Air pollution, glymphatic impairment, and Alzheimer's disease

Abstract

Epidemiological evidence demonstrates a link between air pollution exposure and the onset and progression of cognitive impairment and Alzheimer's disease (AD). However, current understanding of the underlying pathophysiological mechanisms is limited. This opinion article examines the hypothesis that air pollution-induced impairment of glymphatic clearance represents a crucial etiological event in the development of AD. Exposure to airborne particulate matter (PM) leads to systemic inflammation and neuroinflammation, increased metal load, respiratory and cardiovascular dysfunction, and sleep abnormalities. All these factors are known to reduce the efficiency of glymphatic clearance. Rescuing glymphatic function by restricting the impact of causative agents, and improving sleep and cardiovascular system health, may increase the efficiency of waste metabolite clearance and subsequently slow the progression of AD. In sum, we introduce air pollution-mediated glymphatic impairment as an important mechanistic factor to be considered when interpreting the etiology and progression of AD as well as its responsiveness to therapeutic interventions.

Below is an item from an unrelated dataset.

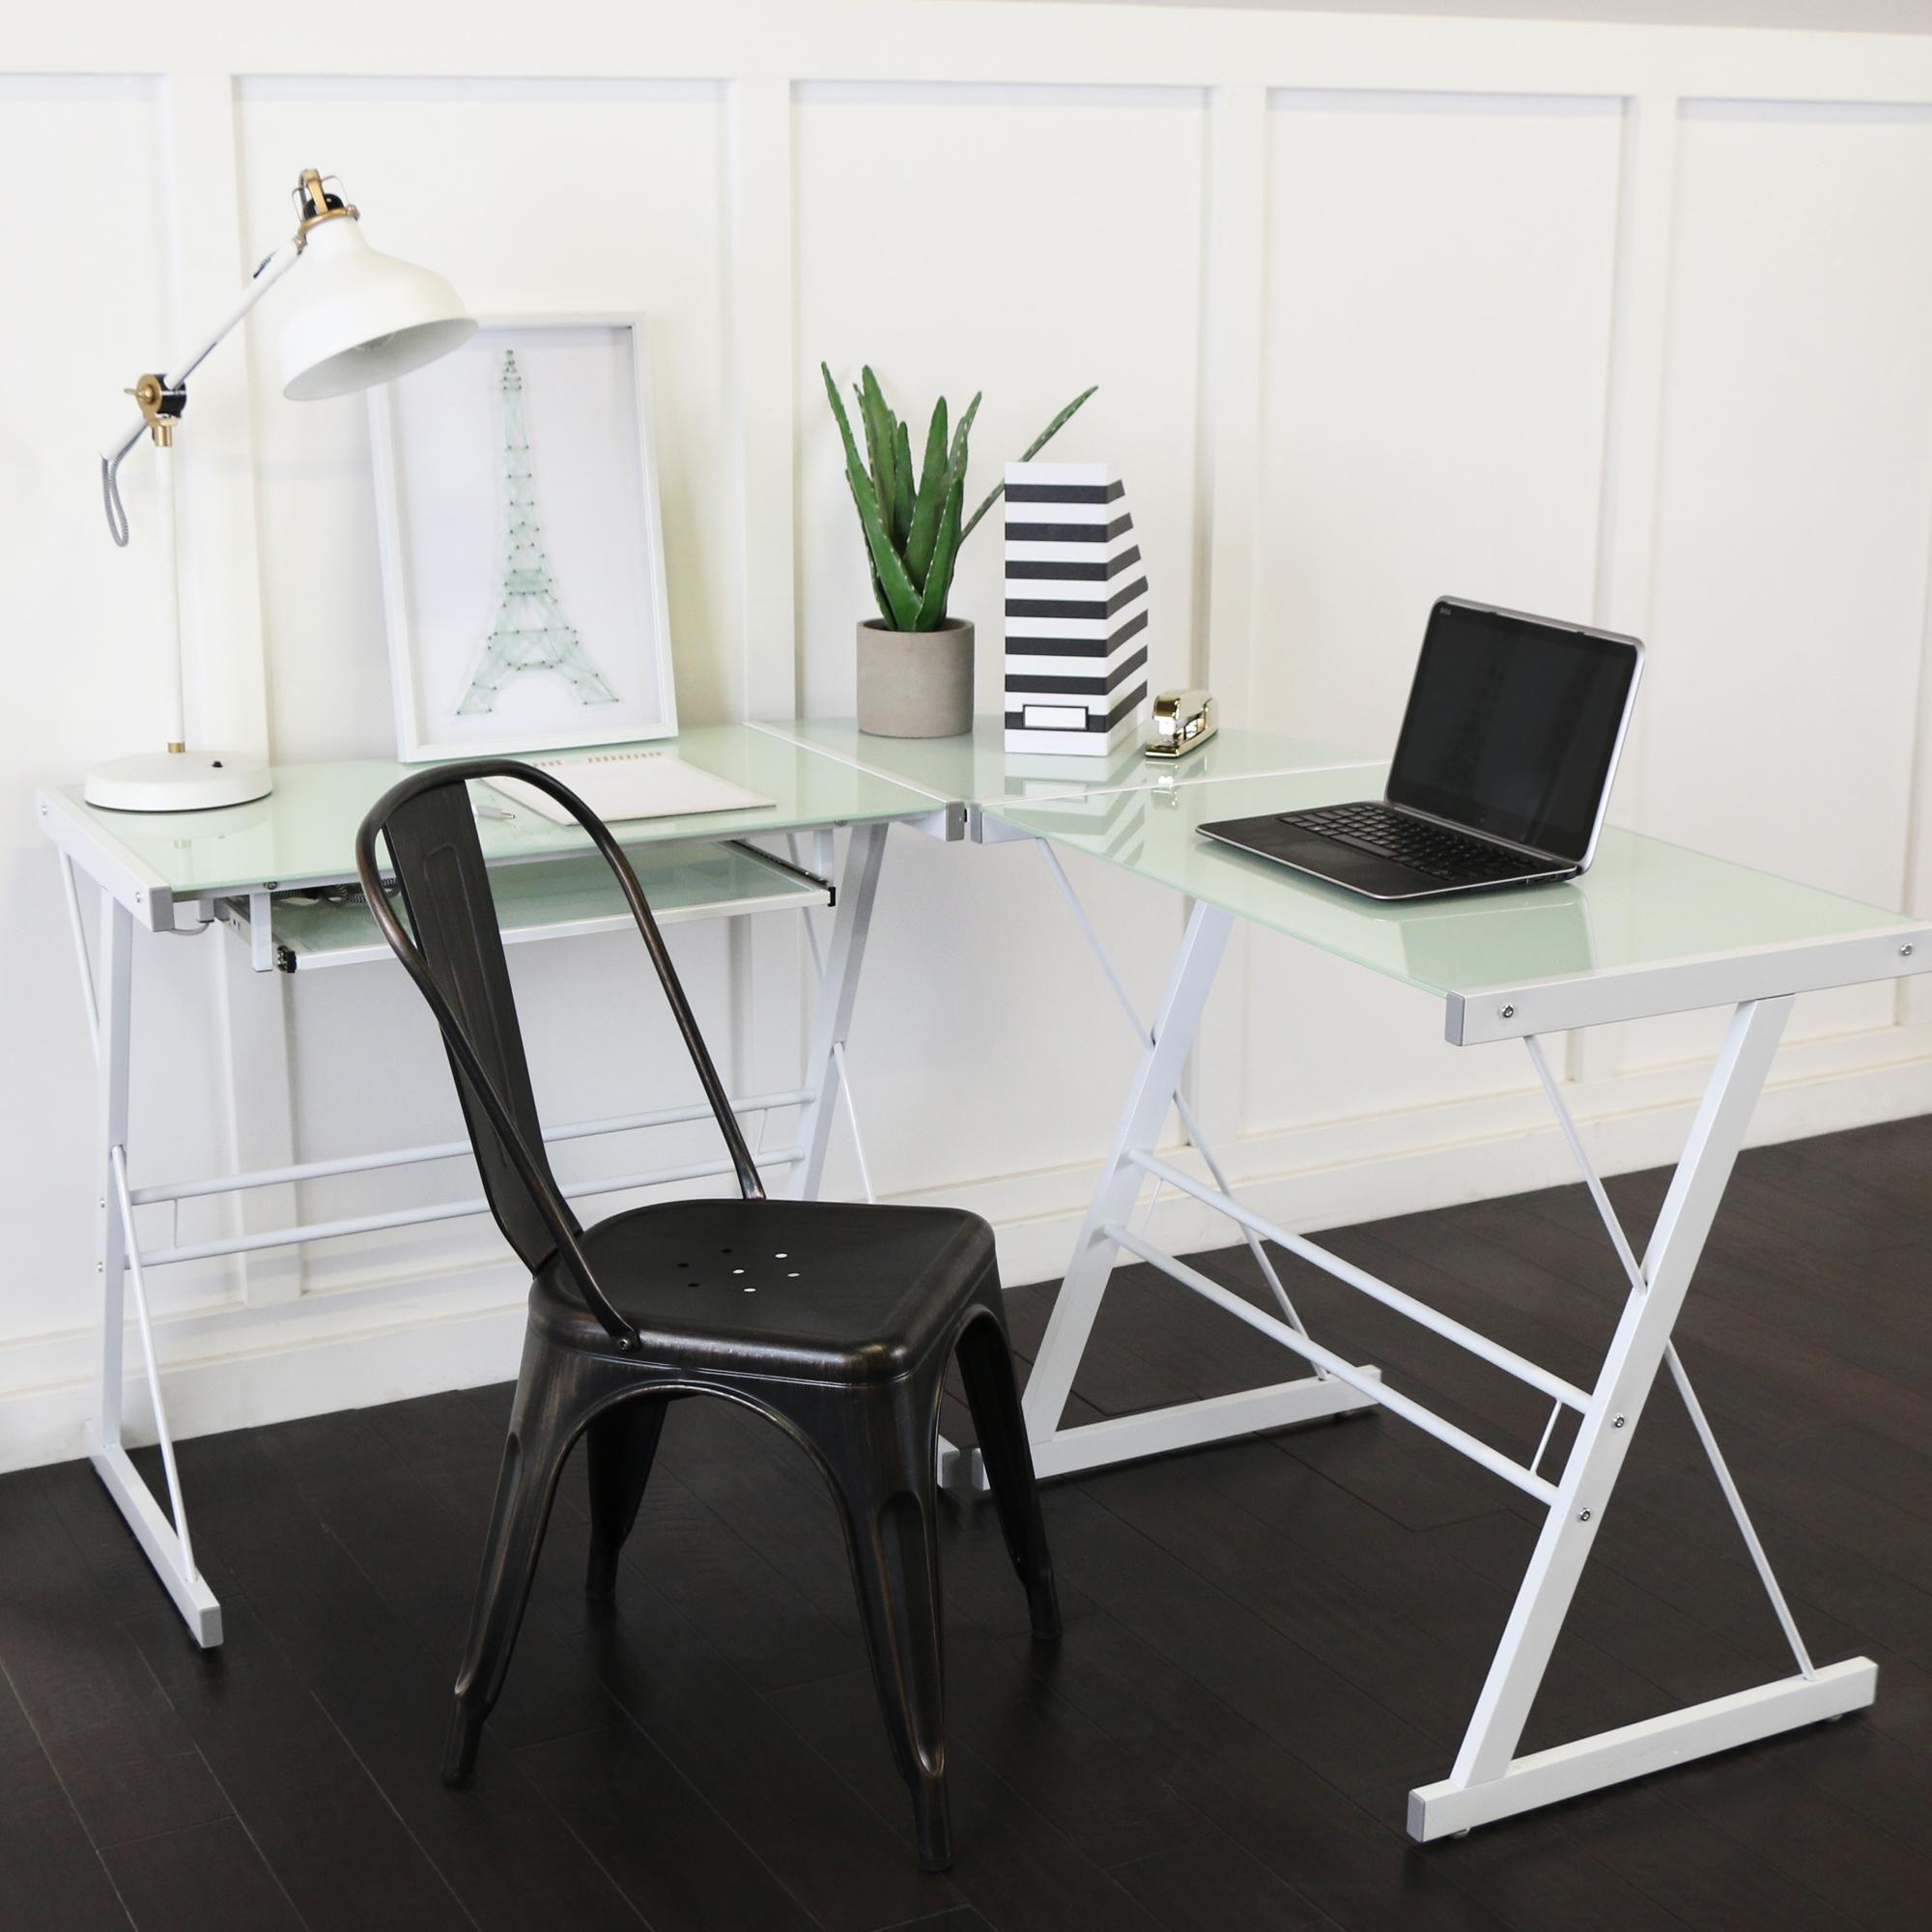 Incroyable Amazon.com: Walker Edison 3 Piece Contemporary Desk, Multi: Kitchen U0026

Keywords: CSF; aging; amyloid plaques; neurodegeneration; ultrafine particles.

Fig. 1:. Airborne particulate matter exposure and entry into the brain.

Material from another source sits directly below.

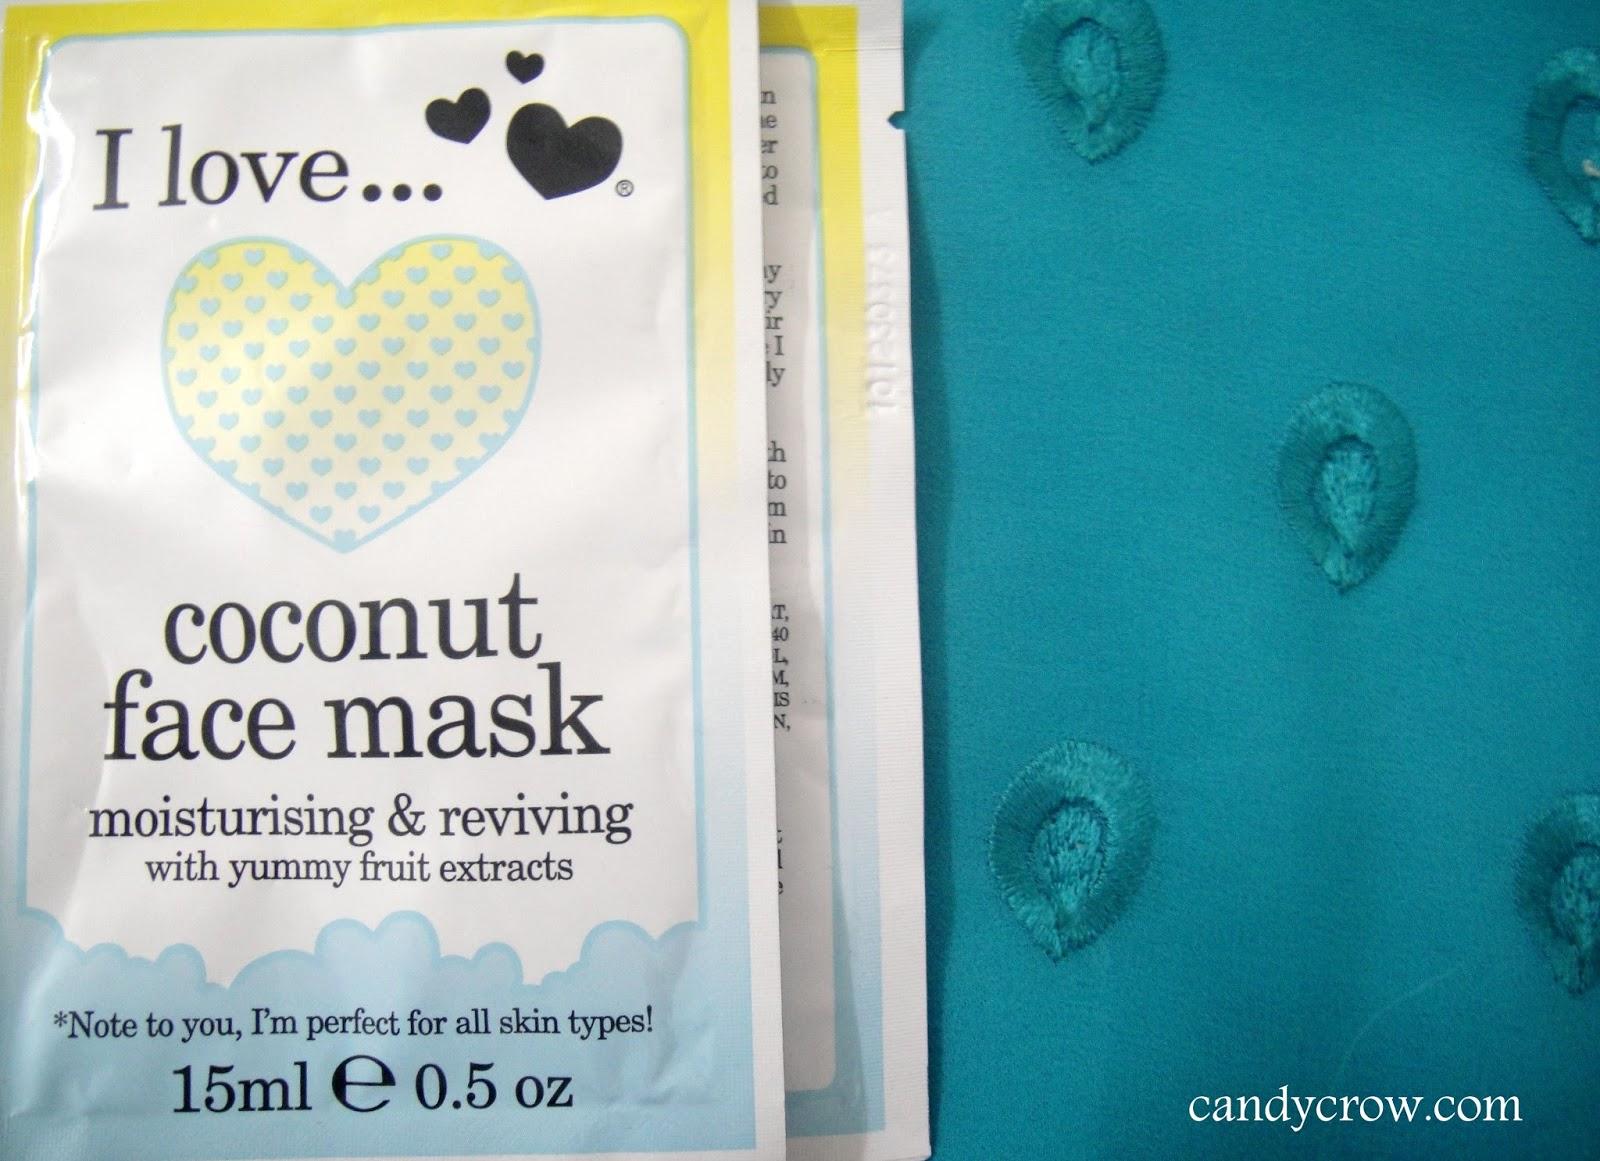 I Love... Coconut Mask

Left: Small airborne particles (UFP) generated for instance via combustion processes can translocate to the brain directly after depositing in the nose and uptake by olfactory mucosal nerves. Right, middle: UFP also deposit efficiently in the gas-exchange region of the lung, where they can translocate to local lymph nodes. UFP that can make their way from the lung to the bloodstream are distributed to other distant organs in the body including the brain. Right, top: Inhaled UFP can induce systemic inflammation and may interact directly with the endothelial cells of the BBB, disturbing tight junctions and gaining access to the brain parenchyma. Right, bottom: A fraction of UFP in the gastrointestinal tract is also able to make its way to the bloodstream or mesenteric lymphatics via villi and/or breaching the Peyer’s patches.

Fig. 2:. A fluid flow impairment as a result of PM exposure may exacerbate AD.

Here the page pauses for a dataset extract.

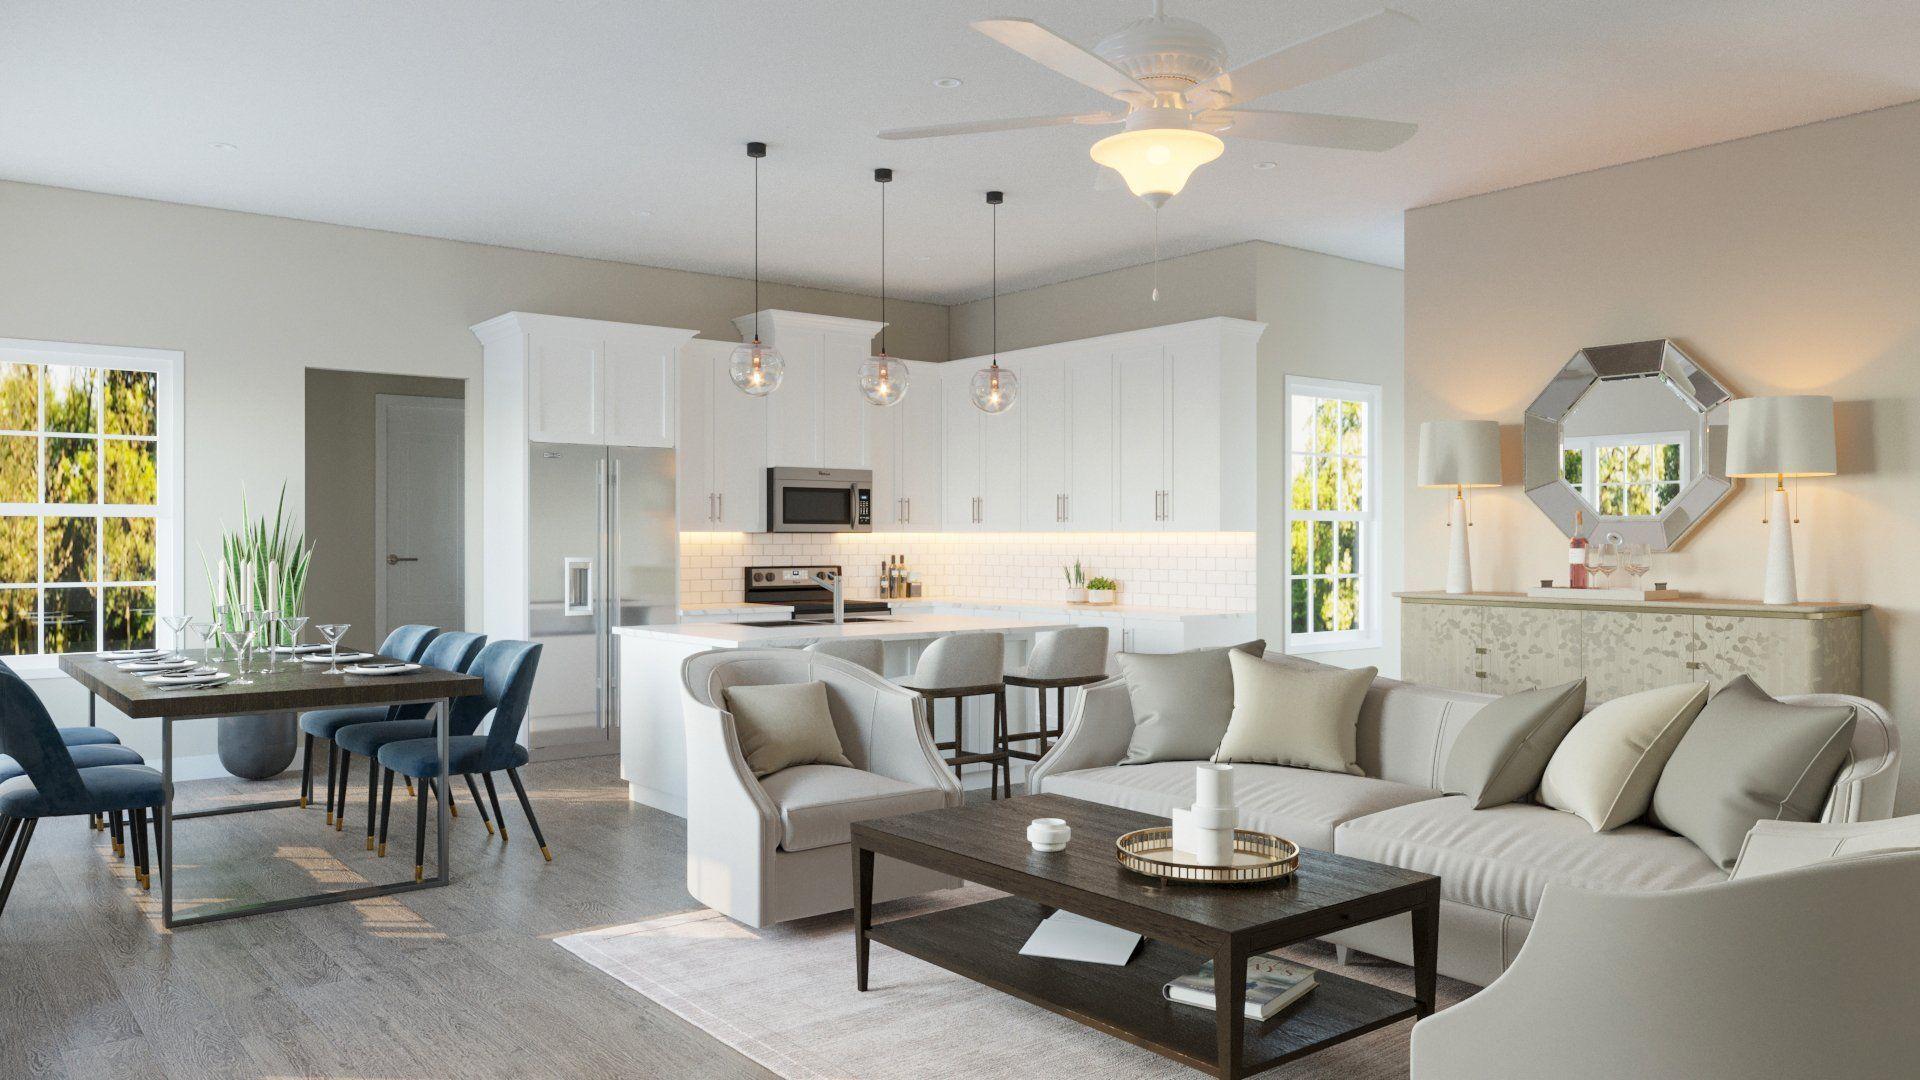 a modern living room with hard wood floors

Left: Under normal physiological conditions, CSF moves within the periarterial spaces, exchanges with the interstitial fluid and is recollected by peri-venous spaces. In this path, CSF carries metabolic waste, Aβ, excessive pTau, and UFP and clears them from the brain. This process of waste clearance is facilitated by AQP4 at the astrocyte end feet. Macrophages within the peri-vascular spaces add an additional layer of surveillance; non-desired particles are either engulfed by macrophages or flushed out by CSF flow. Right: Long-term exposure to UFP putatively, results in increased amounts of solid particles within perivascular spaces, the polarized expression of astrocyte AQP4 decreases, and peri-vascular spaces narrow, impairing the clearance of metabolites and exogenous particles from the brain. Long-term fluid retention or malabsorption likely contributes to the enlargement of the periarterial spaces [113]. Direct binding of UFP with the protofibrils may facilitate the formation of Aβ plaques along the vasculature [–116]. After breaching epithelial barriers, UFP may enter the brain parenchyma, which could initiate neuroinflammation, and further decrease the process of efflux of Aβ.

Fig. 3:. Multi-level effects of UFP in the brain and exacerbation of AD.

We propose that UFP, upon inhalation, trigger multiple reactions: olfactory bulb inflammation and neuroinflammation, BBB impairment, and perivascular changes including increased thickness of basement membrane and fragmentation [etc.]. These changes result in impaired glymphatic function, which is further augmented by peripheral inflammation, endothelial cell damage as well as impaired breathing related to sleep or circadian disturbances. Impairment of glymphatic function not only increases the amounts of waste and Aβ in the brain, but may facilitate protein aggregation which worsens over time and contributes to neurodegeneration and dementia in AD and related disorders.

Figure I:. Diagram outlining glymphatic clearance of waste and Aβ.

Aβ40/42 is produced within the brain parenchyma, and is cleared via peri-venous efflux as well as cervical lymphatic vessels. The periarterial inflow of cerebrospinal fluid that exchanges with interstitial fluid is facilitated by astrocytic AQP4 water channels. Similarly, outflow/recycling of CSF containing both soluble and insoluble waste metabolites occurs via meningeal and cervical lymphatic vessels to the lymph nodes.